Key words: alkaline phosphatase, fluoride, liver, kidney
The enzymes phosphatases are hydrolases whose substrates are phosphomonoesteres which are widely distributed in the nature and have been found in the animals (Galka et al., 1980; Lawrence and van Etten 1981), plants (Ferreira et al., 1999) and microorganisms (Gonzalez et al., 1993). One of the main groups of the family of phosphatases are alkaline phosphatases (Harrison et al., 1999), which are one of most widely used as indicators of hepatobiliary disease and when the serum levels are elevated frequently indicate hepatic damages (Renner and Dällenbach, 1992).

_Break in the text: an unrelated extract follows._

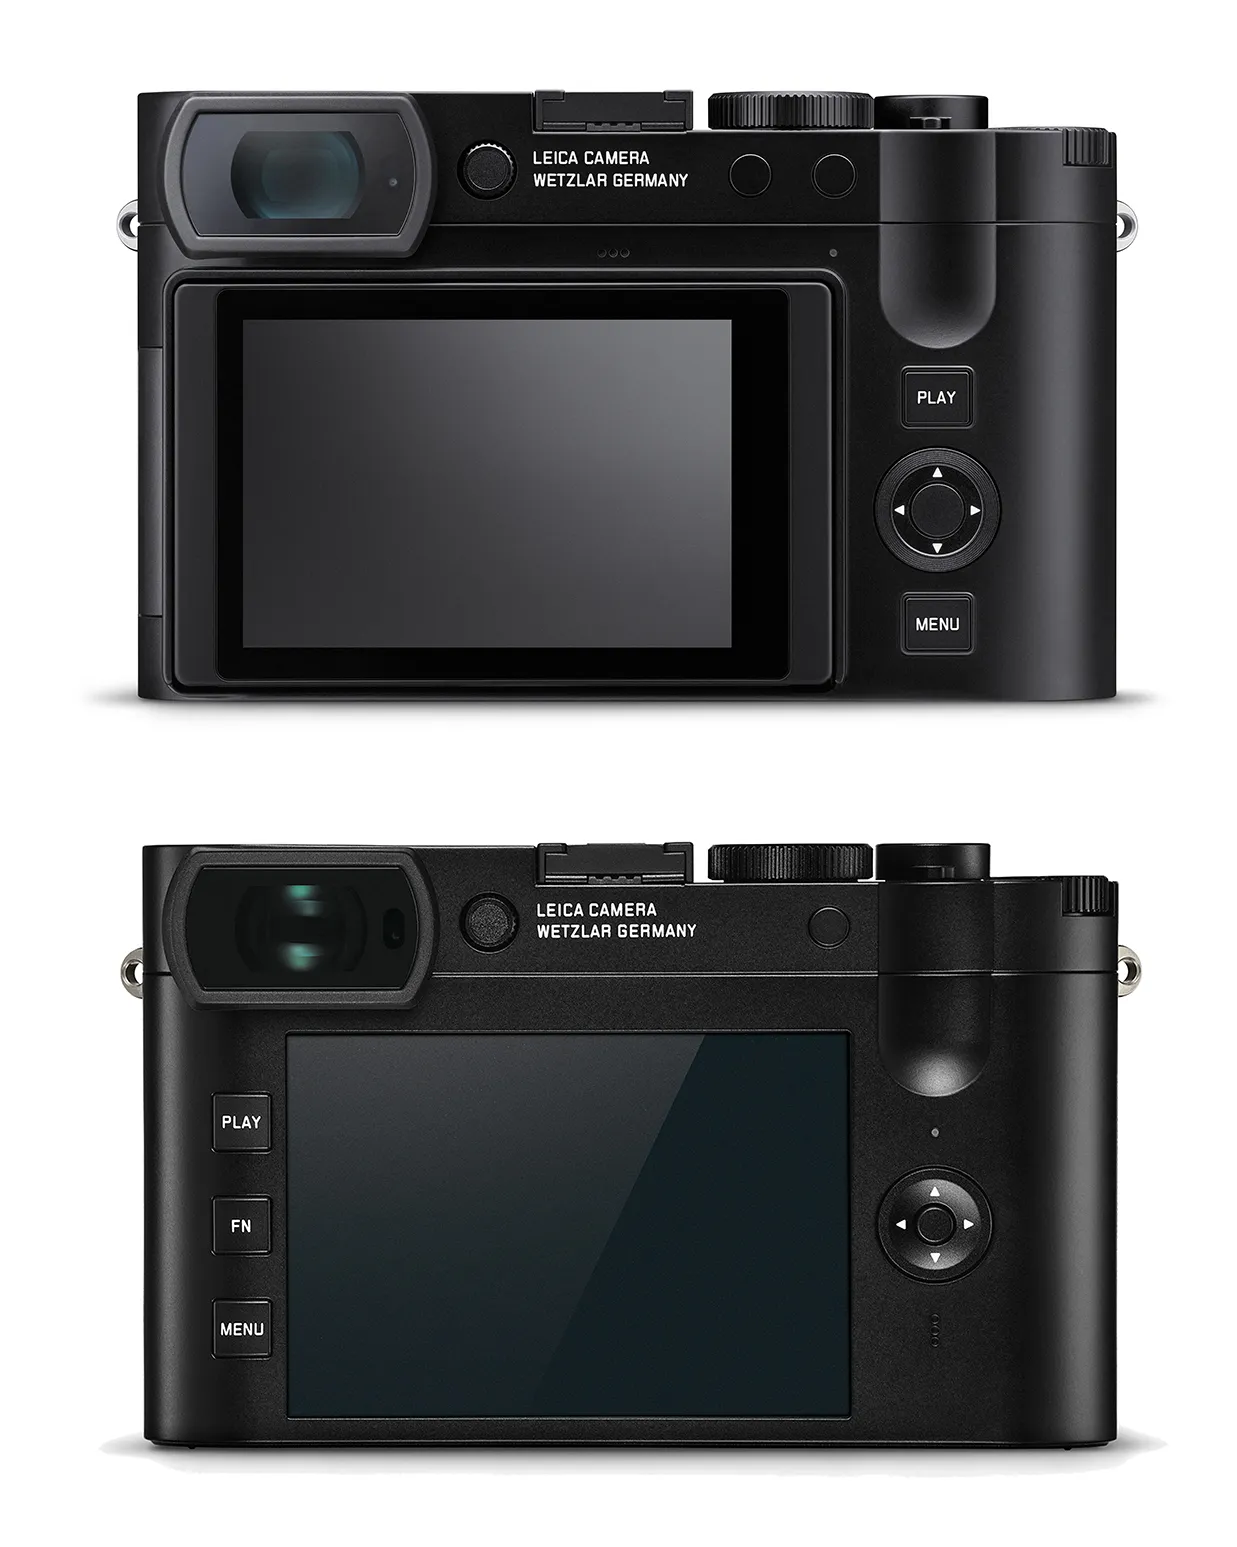 Back View of the Leica Q3 and Leica Q2

Fluoride has been used worldwide as this element has comproved efficacy on the prevention of dental caries (Whitford, 1996). It has also been used in the treatment of osteoporosis (Haguenauer et al., 2000). There is no doubt that the addition of fluoride in public water supplies and the use of fluoride dentifrice is an effective collective measure in dental caries prevention (Mullenix et al., 1995). However, this wide application of the ion can lead the population to exposure to high fluoride concentrations. Its effects when absorbed into specific tissues or organs such as heart, liver and kidneys remain unclear. Moreover, reports of intoxication in the humans suggest that chronic exposure to fluoride can affect the activity of enzymes involved in important physiological processes in the tissues (Hallanger, 2007). Some reports have shown that fluoride can change the activity of some enzymes, including alkaline phosphatase (Shanthakumari et al., 2004). Liver diseases with the primary lesion of parenchyma cells normally show only moderate elevations in alkaline phosphatase activity (Touitou and Bogdan 1988). So far, some works show controversial results about fluoride effects, but few of them correlate these alterations caused by this ion in different level (some tissue and enzymes) or within the same protocol (sometimes they appear in in vitro or in vivo studies).

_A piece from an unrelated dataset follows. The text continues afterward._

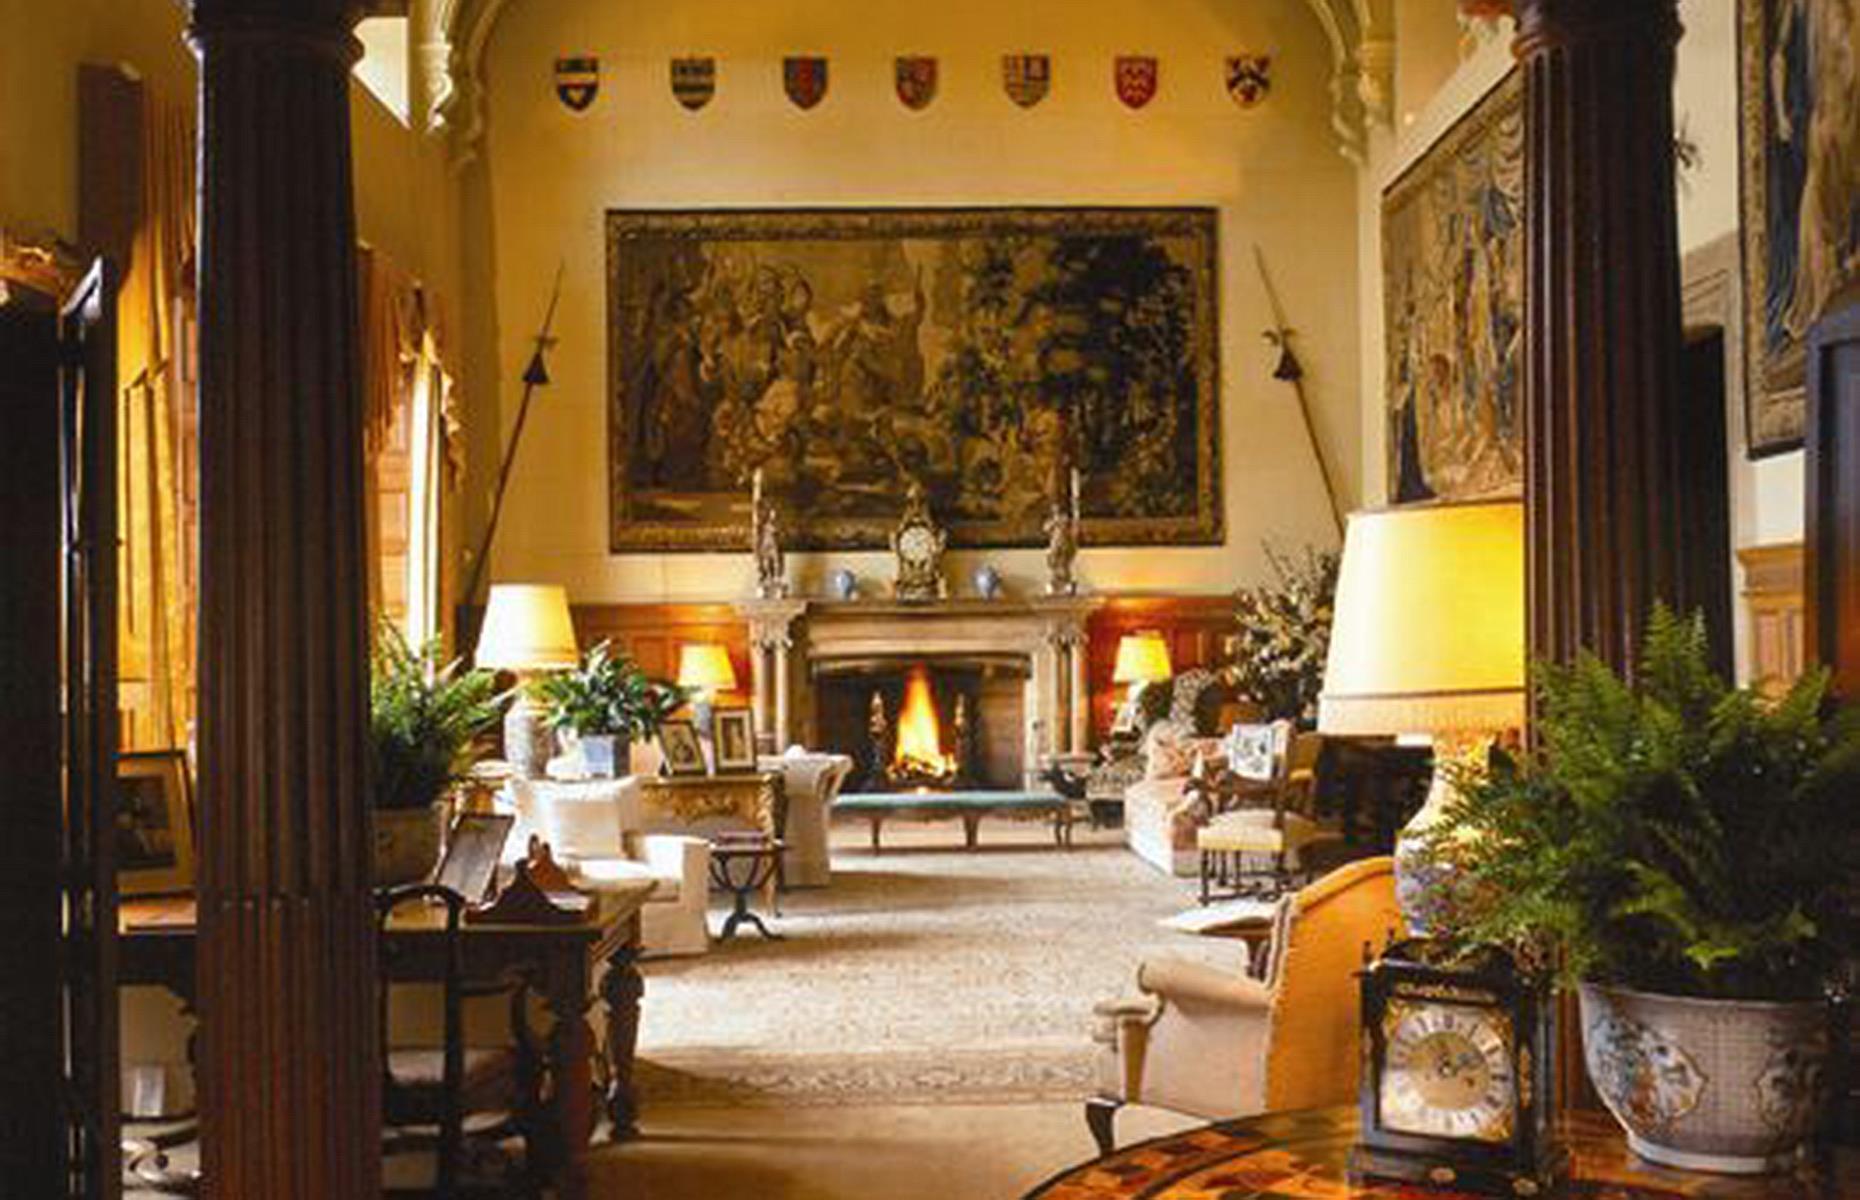 <p>King Edward Vll renovated the house in 1870, adding a ballroom in 1881 and a guest wing in the 1890s. Described as “the most comfortable house in England,” it featured the latest domestic technology, including gas lighting, flushing toilets and working showers.</p>  <p>Even today, Sandringham has a more relaxed vibe than other royal residences. The ground floor is decorated in elegant Edwardian style with a roaring hearth taking center stage in the saloon seen here.</p>

Therefore, the aim of this study was to assess the changes in the activity of alkaline phosphatase in the plasma and liver of the rats chronically exposed to fluoride in the drinking water. The effects of this ion on the weight of various organs of these animals were also assessed.
MATERIALS AND METHODS
Animals and treatment
The study was conducted according to the standards recommended by the Brazilian College of Animal Experimentation (COBEA), after approval of the Animal Committee of Bauru School of Dentistry, University of São Paulo (USP), FOB-USP (Number 20/2006).

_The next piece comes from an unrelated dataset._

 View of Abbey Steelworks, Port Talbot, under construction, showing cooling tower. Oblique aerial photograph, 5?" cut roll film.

Twenty-four male Wistar rats (Rattus norvegicus), from the Central Vivarium of Bauru Dental School - University of São Paulo (FOB-USP) were included. After weaning (20 days old), the animals were randomly divided into four groups (n=6 per group) according to the concentration of fluoride given during the entire experimental period (60 days). Group I received deionized water (control), while groups II, III and IV received the water containing 5, 15 or 50 ppm of fluoride, respectively. Throughout the experimental period, the animals were kept in the cages receiving the food and water ad libitum. The food used was AIN-93 (Reeves et al., 1993) with low fluoride concentration (< 2 ppm), since in previous reports it was observed that the commercial diets might have high fluoride concentrations (Buzalaf et al., 2004; Buzalaf et al., 2005; Carvalho et al., 2006), which could affect the results.
Euthanasia and sample collection
The animals were sedated and anesthetized with a mixture of Anasedan® (xylazine) and Dopalen® (ketamine base) in a proportion of 1:1 (bulk). This mixture (0.2 mL) was administered to each animal intramuscularly. Then, a blood sample was collected from the heart into a lightly heparinized syringe. Plasma was stored for the analysis of fluoride and alkaline phosphatase. The collected organs (left kidney, liver and heart) were washed with the cold saline solution, weighed and stored (- 80ºC).
Homogenization of samples and analysis of alkaline phosphatase
The homogenization of liver samples for the assay of alkaline phosphatase were made according to Granjeiro et al. (1997).
Analysis of alkaline phosphatase activity in blood plasma and liver
Alkaline phosphatase assay was done in the plasma and liver, using a commercial kit, according to the manufacturer's instructions (Doles® Reagent and laboratory Equipment Ltd., Goiânia, Brazil). The absorbance was read at 410 nm in a spectrophotometer (ULTROSPEC II, Pharmacia). The results were expressed in UI/L. Each UI/L equals to 0.01667 µkat/L.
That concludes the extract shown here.